Après l’incendie d’une synagogue, les Juifs de Jackson retrouvent solidarité et complexité lors d’un service de prière interconfessionnel

JACKSON, Mississippi — Quelques jours après que leur synagogue ait été incendiée lors d’un incendie criminel, des dizaines de Juifs de cette ville se sont levés pour prier lors d’un service communal.

L’événement de prière interconfessionnelle au Thalia Maria Hall du centre-ville de Jackson, présenté par le maire John Horhn comme un « appel à la prière et à l’action dans toute la ville », avait été prévu comme une cérémonie générale pour la ville.

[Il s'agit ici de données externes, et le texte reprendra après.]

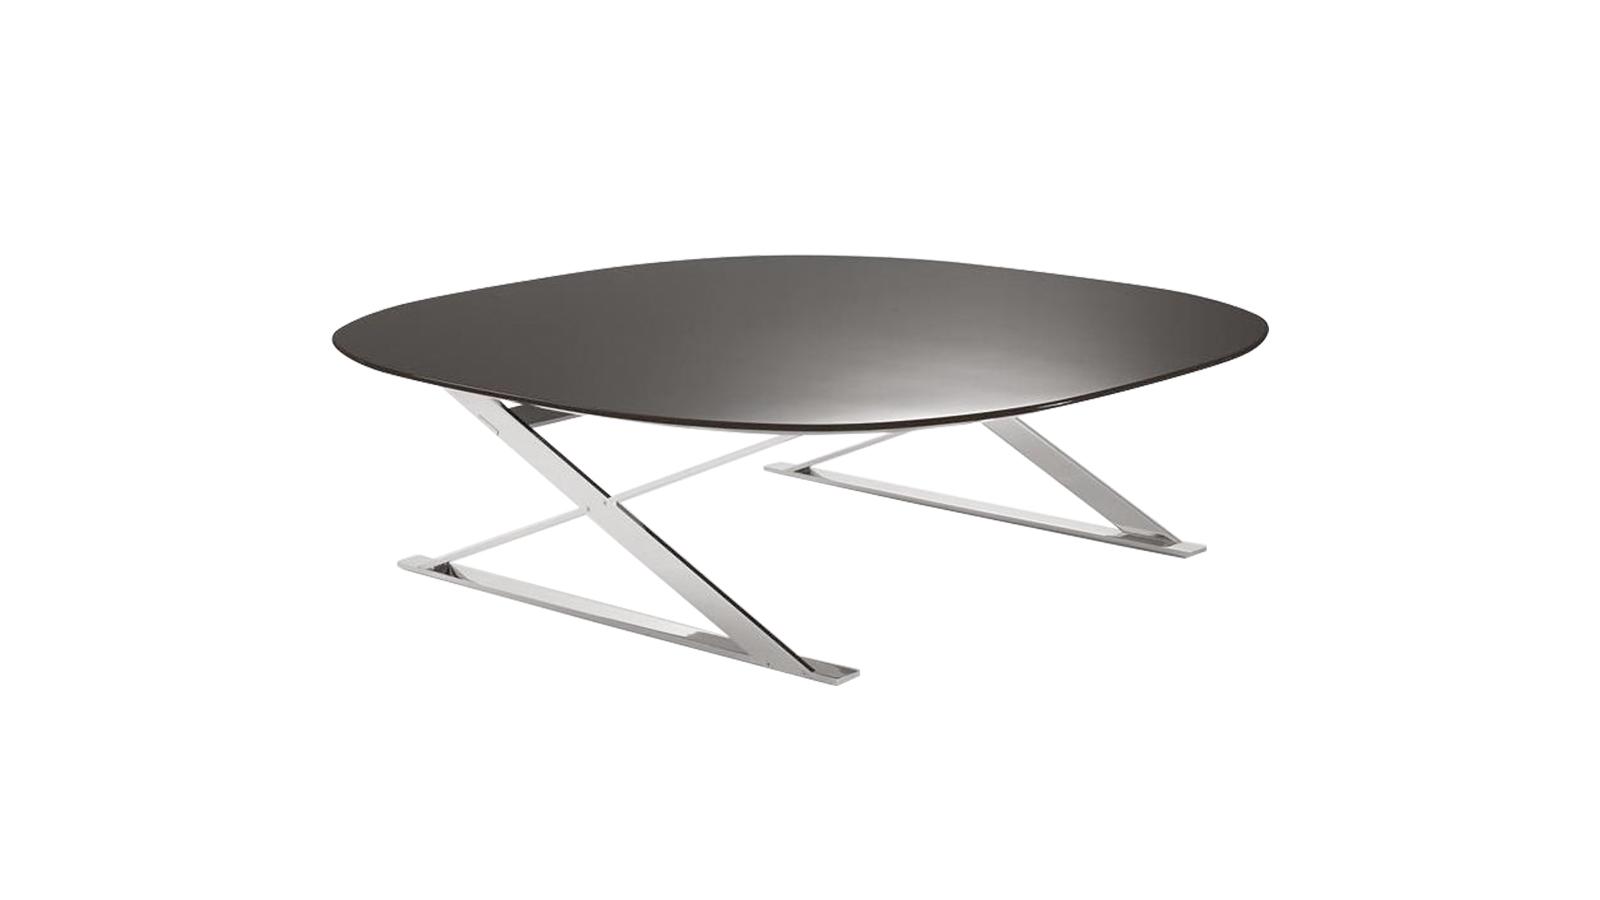 Az X alakú lábazat és a lakkozott fa asztallap párosa, a Pathos élettel tölti meg az enteriőrt. A rugószerű váznak és az asztalon játszó fényeknek köszönhetően mintha állandó mozgásban lenne, karakteres megjelenése mellett pedig senki nem tud szó nélkül elmenni. Számos méretben és színváltozatban is elérhető.

Mais après l’incendie de la congrégation Beth Israel samedi matin, Benjamin Russell, qui est étudiant rabbin et chef spirituel de la congrégation Beth Israel, a déclaré que Horhn avait appelé et a dit qu’il voulait modifier l’événement « prier pour vous et apporter des bénédictions ». Cet appel est intervenu au milieu d’un soutien en cascade provenant de toute la ville.

« Nous nous attendions à tout cela », a déclaré Russell à propos de l’élan de soutien. « Pour la plupart, nous nous sommes toujours sentis les bienvenus, et c’était donc plutôt une confirmation de ce que nous savions déjà. »

À Jackson, les 140 familles de la congrégation Beth Israel sont largement dépassées en nombre par les 400 églises de la ville. Le rassemblement de jeudi soir a souligné la complexité de la vie juive à Jackson, un endroit où la petite communauté a été largement soutenue par ses voisins en temps de crise, mais toujours consciente de son statut minoritaire dans une ville définie par les institutions chrétiennes.

Tout au long du service, les participants ont été invités à se regrouper avec leurs voisins dans des cercles de prière pendant que les chefs religieux du programme, qui étaient presque tous des pasteurs, des évêques et des révérends, donnaient leurs bénédictions sur différents aspects de la vie de la ville de Jackson.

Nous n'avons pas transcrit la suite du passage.